Urine test by Nechiporenko
Why this test?
For the diagnosis of acute and chronic inflammatory diseases of the urinary tract (pyelonephritis, glomerulonephritis, cystitis, urethritis).
To evaluate kidney damage in certain systemic diseases (eg, diabetes, systemic lupus erythematosus, amyloidosis, vasculitis, and trauma).
For differential diagnosis of diseases of the urinary tract.
To control the treatment of diseases of the urinary organs.
In what cases is it prescribed?
With symptoms of pathology of the urinary tract (change in color, smell, transparency and quantity of urine, frequency of urination, pain in the area of the kidneys, lower abdomen, during urination).
With questionable results or deviations in the general analysis of urine.
In case of systemic diseases with a high risk of kidney function damage.
When observing the effectiveness of treatment of diseases of the urinary tract.
Urine analysis according to Nechiporenko allows more accurate determination of the quantitative content of erythrocytes, leukocytes and cylinders than a general clinical analysis of urine. Both studies are conducted using microscopy, but in Nechiporenko's test, elements are counted per unit volume of liquid, and not by the number of cells or cylinders in the field of view.
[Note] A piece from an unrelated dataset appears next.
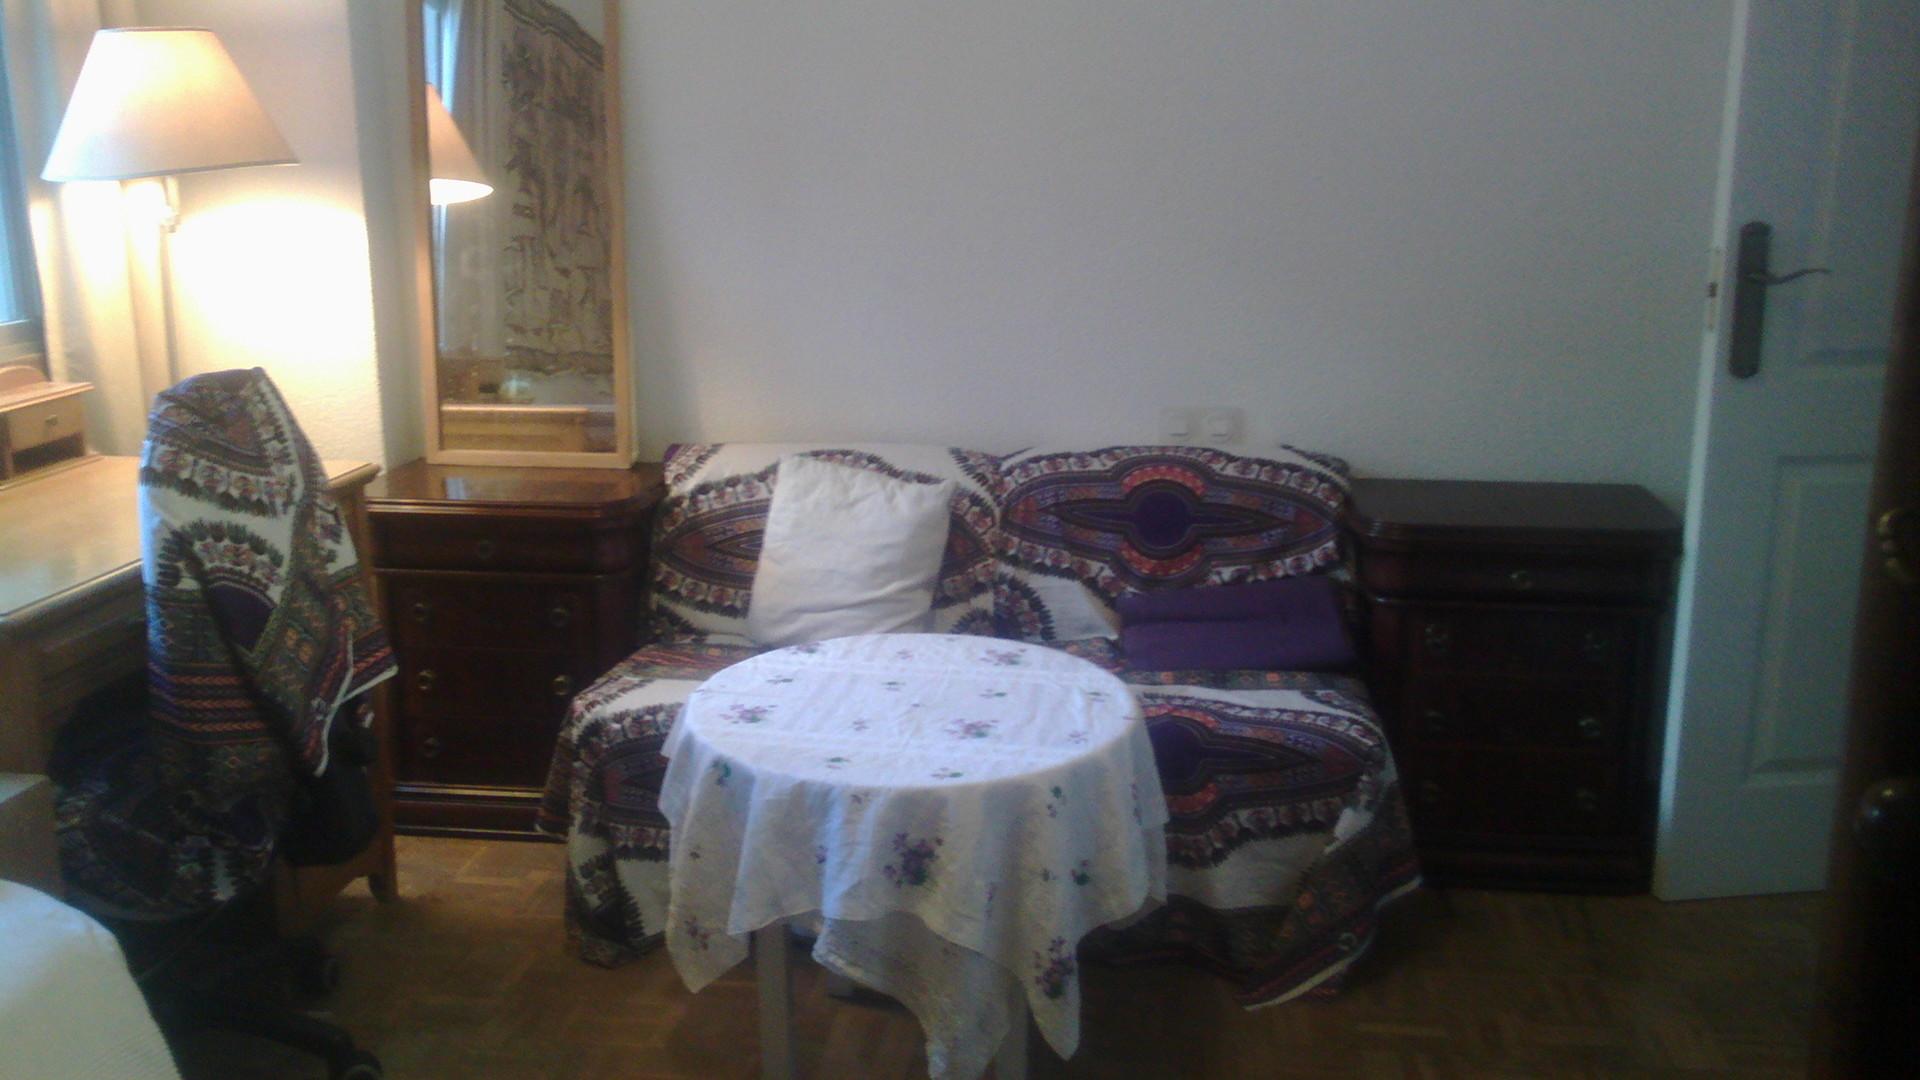 Habitación tranquila en casa familiar, con luz exterior y ventan
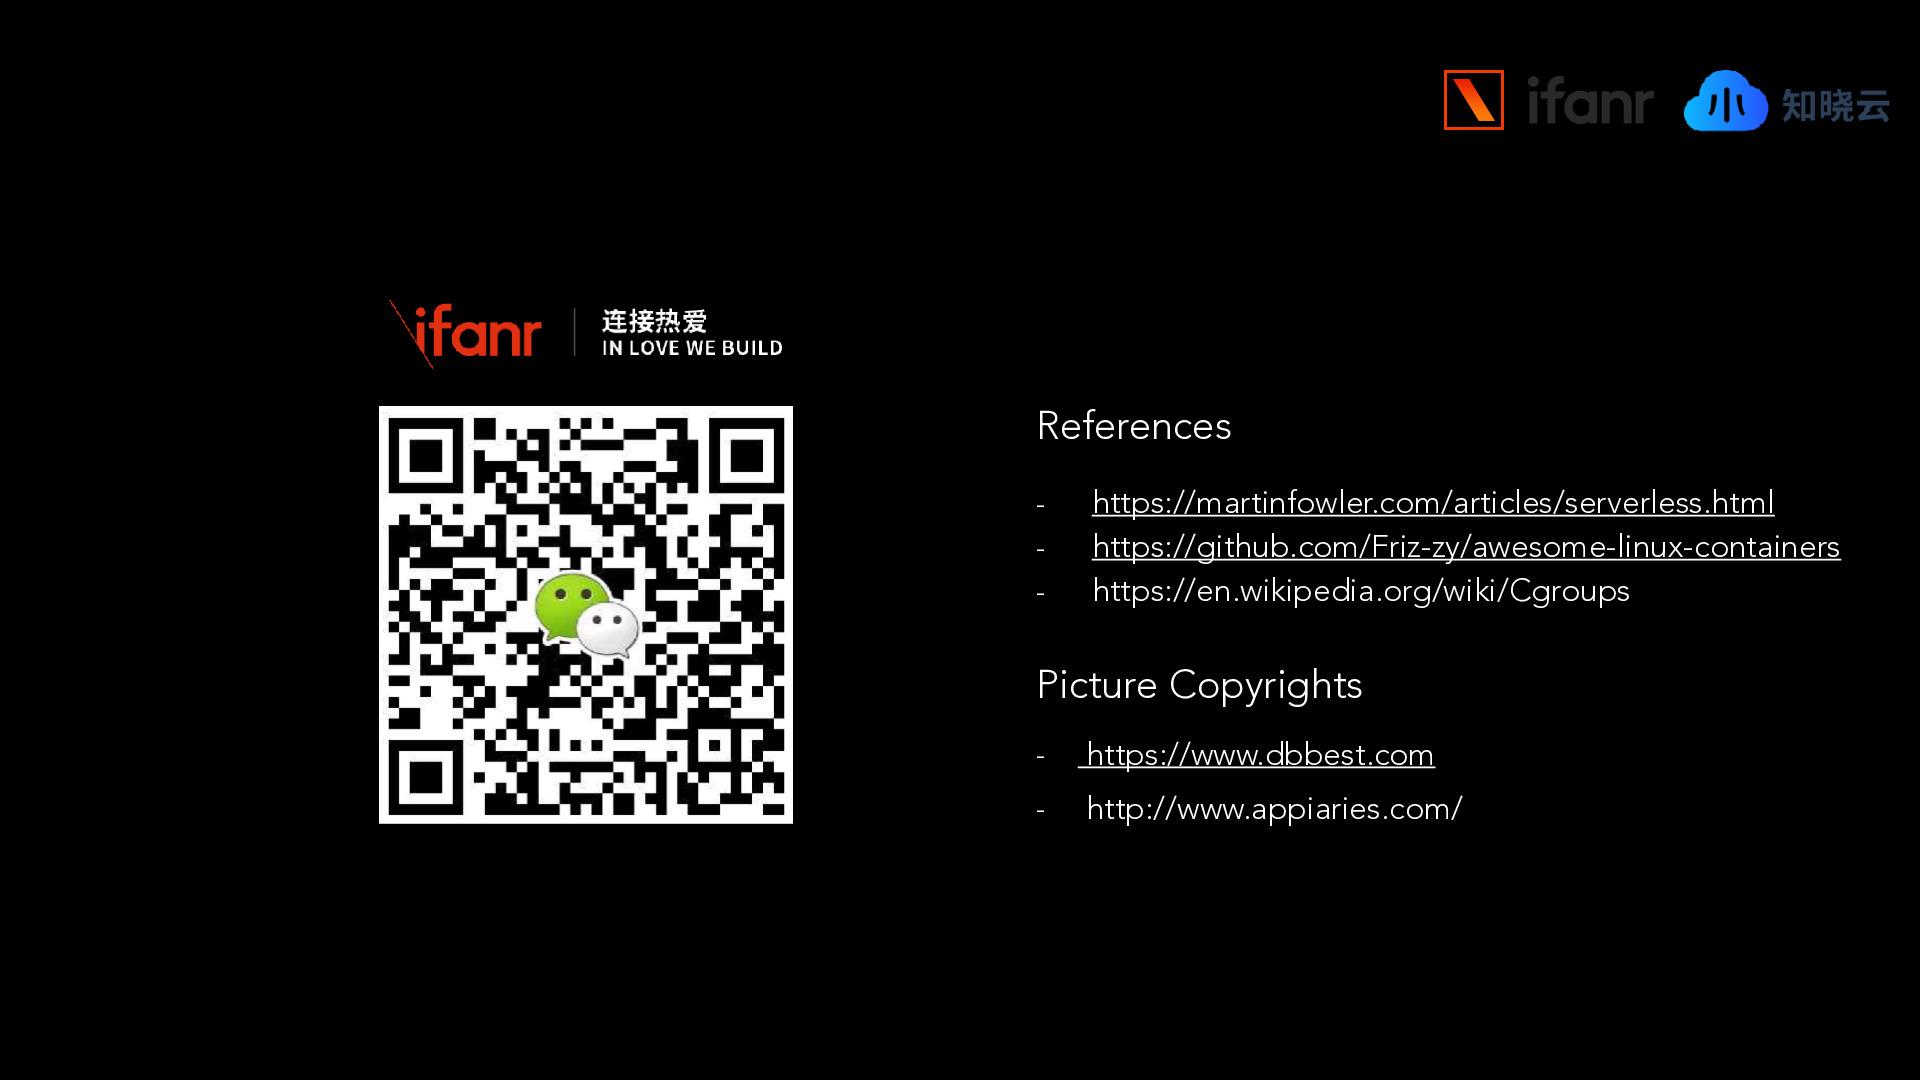 https://opentalk-blog.b0.upaiyun.com/prod/2018-10-15/76883428d5d40c60be7f929dde75cf9a

Normally, the kidney glomeruli do not pass the formed elements of blood and albumin, but in some diseases the kidney barrier is damaged, which is reflected in changes in the composition of urine. The presence of a large number of erythrocytes in the urine (hematuria) may indicate damage to the glomerulus. It should be taken into account that the formed elements of blood in the urine are detected in case of damage, stones, inflammatory diseases or neoplasms at all levels of the urinary tract - blood gets there from the renal bowls, ureter, bladder or urethra. The renal origin of hematuria is indicated by the detection of erythrocyte cylinders or leached erythrocytes.
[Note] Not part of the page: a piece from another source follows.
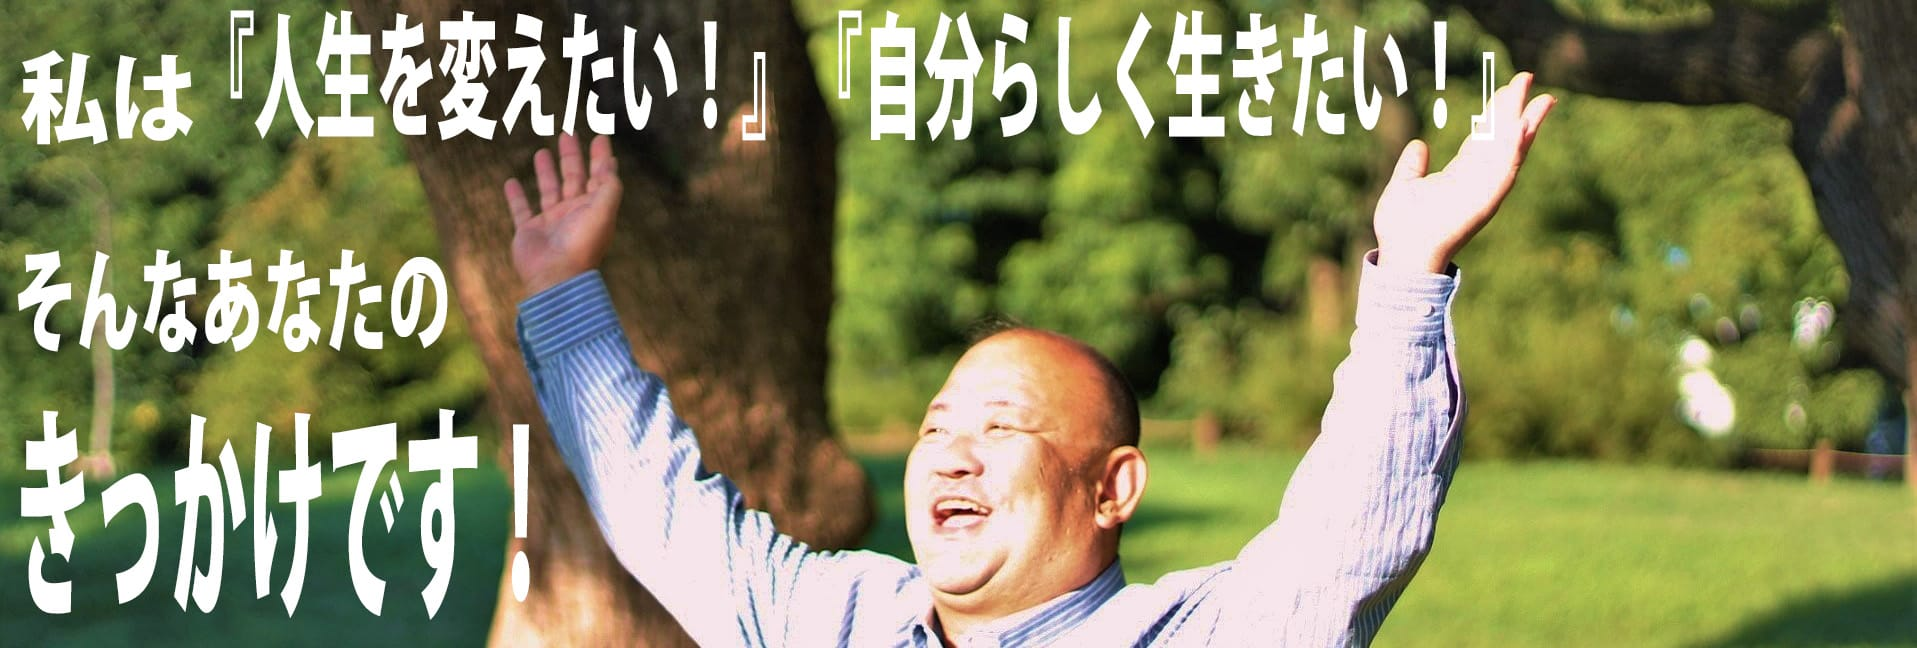 霊性開花|スピリチュアルカウンセリング|スピリチュアルヒーリング|東京都葛飾区|アメーバブログ癒しカテゴリー1位取得!【ブライトライトヒーリングカンパニー】

Normally, leukocytes are present in urine in small quantities. Their content can increase with inflammatory diseases of the urinary system, infection of the genitourinary tract and some acute inflammatory systemic diseases. Leukocytes are able to penetrate to the site of inflammation through intact tissues. In case of their excessive secretion - leukocyturia - it is necessary to carry out a bacteriological examination of the urine to clarify the etiology of the disease and prescribe adequate therapy.
In clinical practice, the determination of leukocyturia or hematuria is often used in the differential diagnosis of glomerulonephritis and pyelonephritis.
Cylinders are protein conglomerates that are produced from cells and cellular detritus when the physical and chemical properties of urine change. They are formed in the renal tubules and take their shape. Epithelial cells of tubules form epithelial cylinders, when epithelial cells and leukocytes are destroyed, granular cylinders appear, wide waxy cylinders are formed from regenerating granular cylinders. Their detection indicates severe kidney damage, the development of kidney failure and an unfavorable prognosis of the disease. Hyaline cylinders are formed from proteins and often indicate proteinuria. The Tamm-Horsfall protein is involved in their formation, which is normally present in the renal tubules in a dissolved form and is important in the immunological protection of the organ against infection. Hyaline cylinders can also be detected in a healthy person after intense physical activity or with minimal pathological changes in the kidneys.